Re: [dtn] "Block data length" field in BPbis

Hi,

Thinking again about this topic and having had a look at a possible
integration of the current draft into uPCN, I have to revert my
statement that I consider removing the "Block data length" field the
best solution. Though it saves the hassle of storing the whole
block-specific data in serialized form somewhere when serializing the
bundle and though it simplifies the use of a standard CBOR encoder, it
may make parsing bundles with large (and maybe unknown) blocks not only
terribly inefficient, but vulnerable to DoS, as Gilbert pointed out below.

We now have to keep a buffer within the BPbis parser which we constantly
resize when reading a new chunk of block-specific data. There is no
chance of knowing when the data stream will end. Having to deal with a
bit more overhead in the serializer while already "knowing" the bundle
structures was much safer, in my opinion.

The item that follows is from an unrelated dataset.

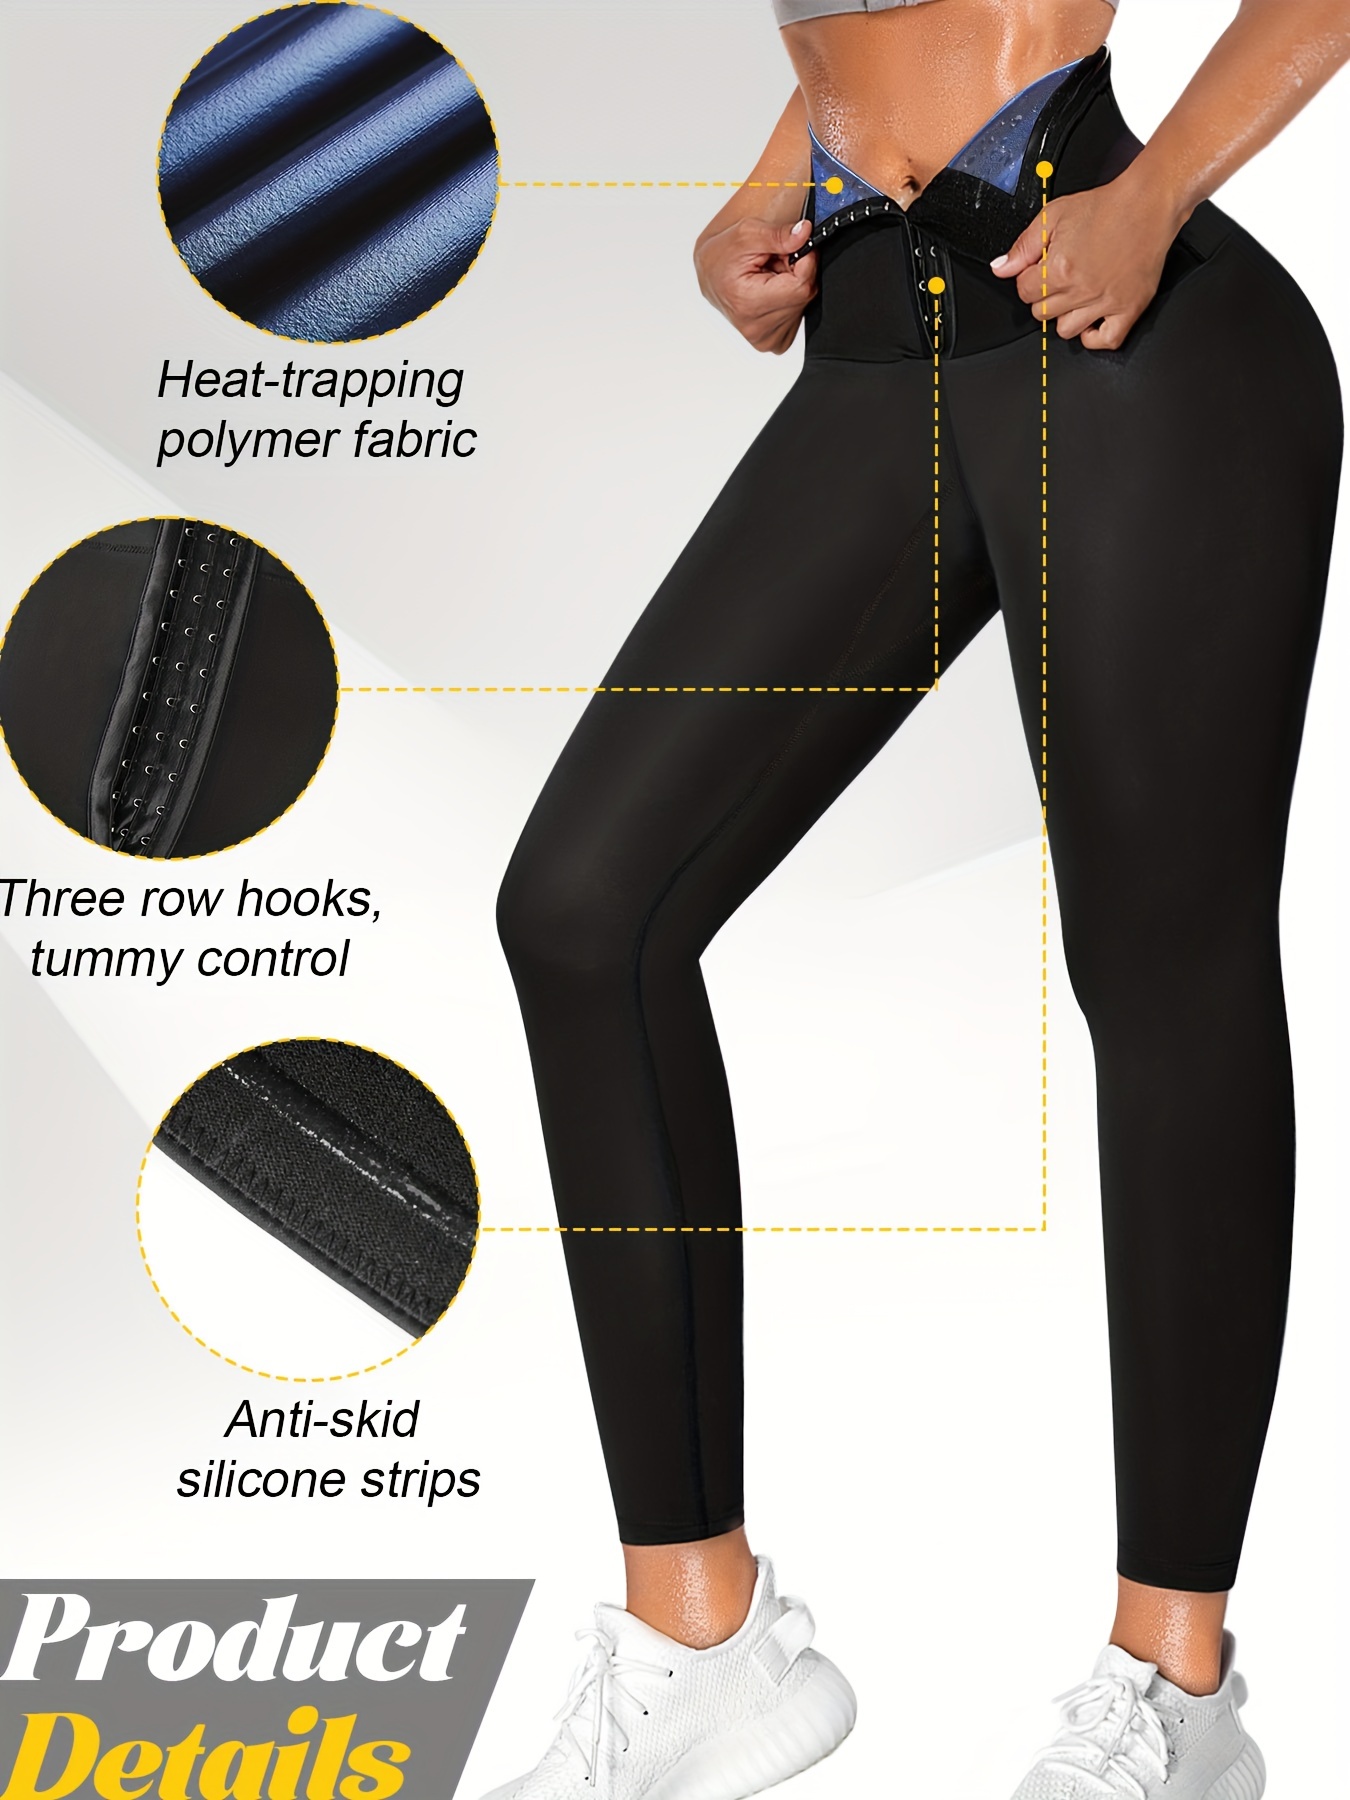 Women's Sauna Sport High Waist Compression Thermal Warm Exercise Training  Body Shaping Leggings

Currently, I think the best solution would be to have the block-specific
data serialized separately and provided, including a length, as a single
array element of the canonical block. For the payload block, this single
element should be the byte string containing the payload. For other
blocks, it could also be a byte string or that special
"serialized-CBOR-in-CBOR" type (I'm not familiar with that) as mentioned
by Matt below.

We had some internal discussions with Marius and Lucas (who implemented
BPbis support in uPCN) and concluded that this would be the best
solution. We see the following main advantages:

* You get much more deterministic parsing times. The maximum depth of
the CBOR structure is limited. Possible DoS scenarios resulting from
former unlimited "stack depth" are prevented.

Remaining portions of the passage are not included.